This 2013 paper focuses on the modelling of terrorist networks online and addresses changes in technology and the associated creation of new security dynamics and threats.
This 2013 paper introduces a methodology that incorporates information available on terrorist networks, into the analysis of social networks underlying terrorist groups. The authors demonstrate that quantitative modeling by means of cooperative game theoretic centrality measures, enables the incorporation of this additional information to common structure of networks found in social network analysis. In view of identifying key players, cooperative game theory is utilized to develop rankings of individuals in terror networks based on both the structure of the terrorist network and additional information on individual terrorists and their relationships. The authors’ framework is applied to the Jemaah Islamiyah bombing in Bali and the 9/11 attacks in New York and Washington.
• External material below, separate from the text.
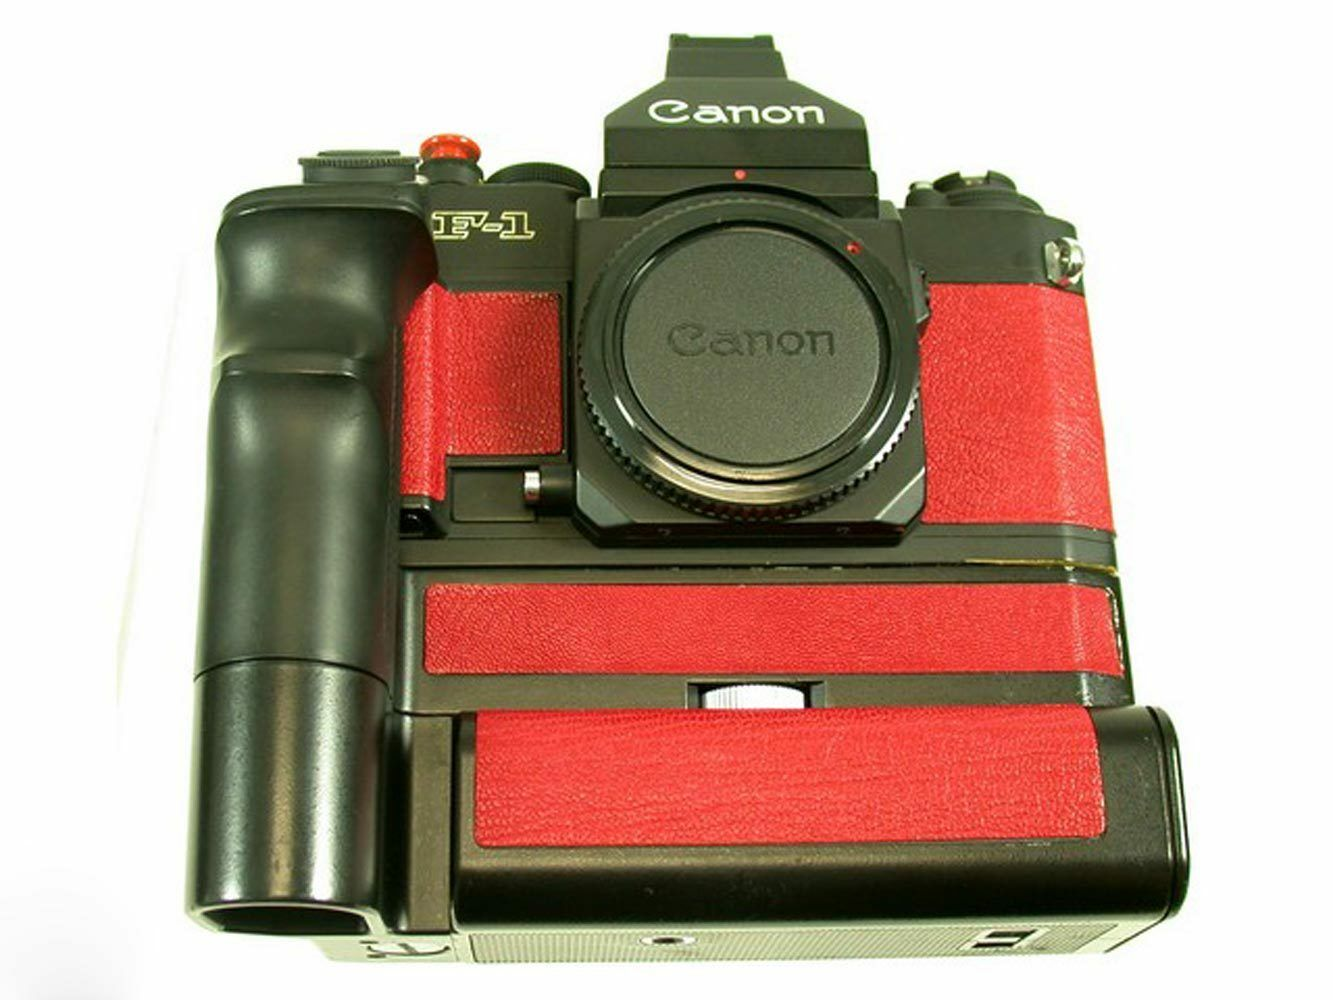 Canon F1 (Pic: camera-gentleman/eBay)

The analyses of these two cases with degree centrality, betweeness centrality, and closeness centrality, concurrently with game theoretic connectivity centrality, shows that the latter provides a valuable contribution to the identification of key players in terrorist networks and is therefore useful in combating terrorist groups.
This article will be of use to practitioners and researchers looking at terrorist networks online and interested in methods for resource allocation to destabilize networks. It will be useful for those interested in methods of centrality analysis and social network analysis more generally. The authors introduce a weighted connectivity game that is able to take both the structure of the terrorist network as well as information about individual terrorists into account. By applying a game theoretic centrality measure to the weighted connectivity game, a ranking is produced of the players in the terrorist network. This allows for the optimal allocation of observation resources that the authors argue can be utilization to help destabilize a terrorist network, by identifying the highest-ranking members and potential removal of its highest-ranking members.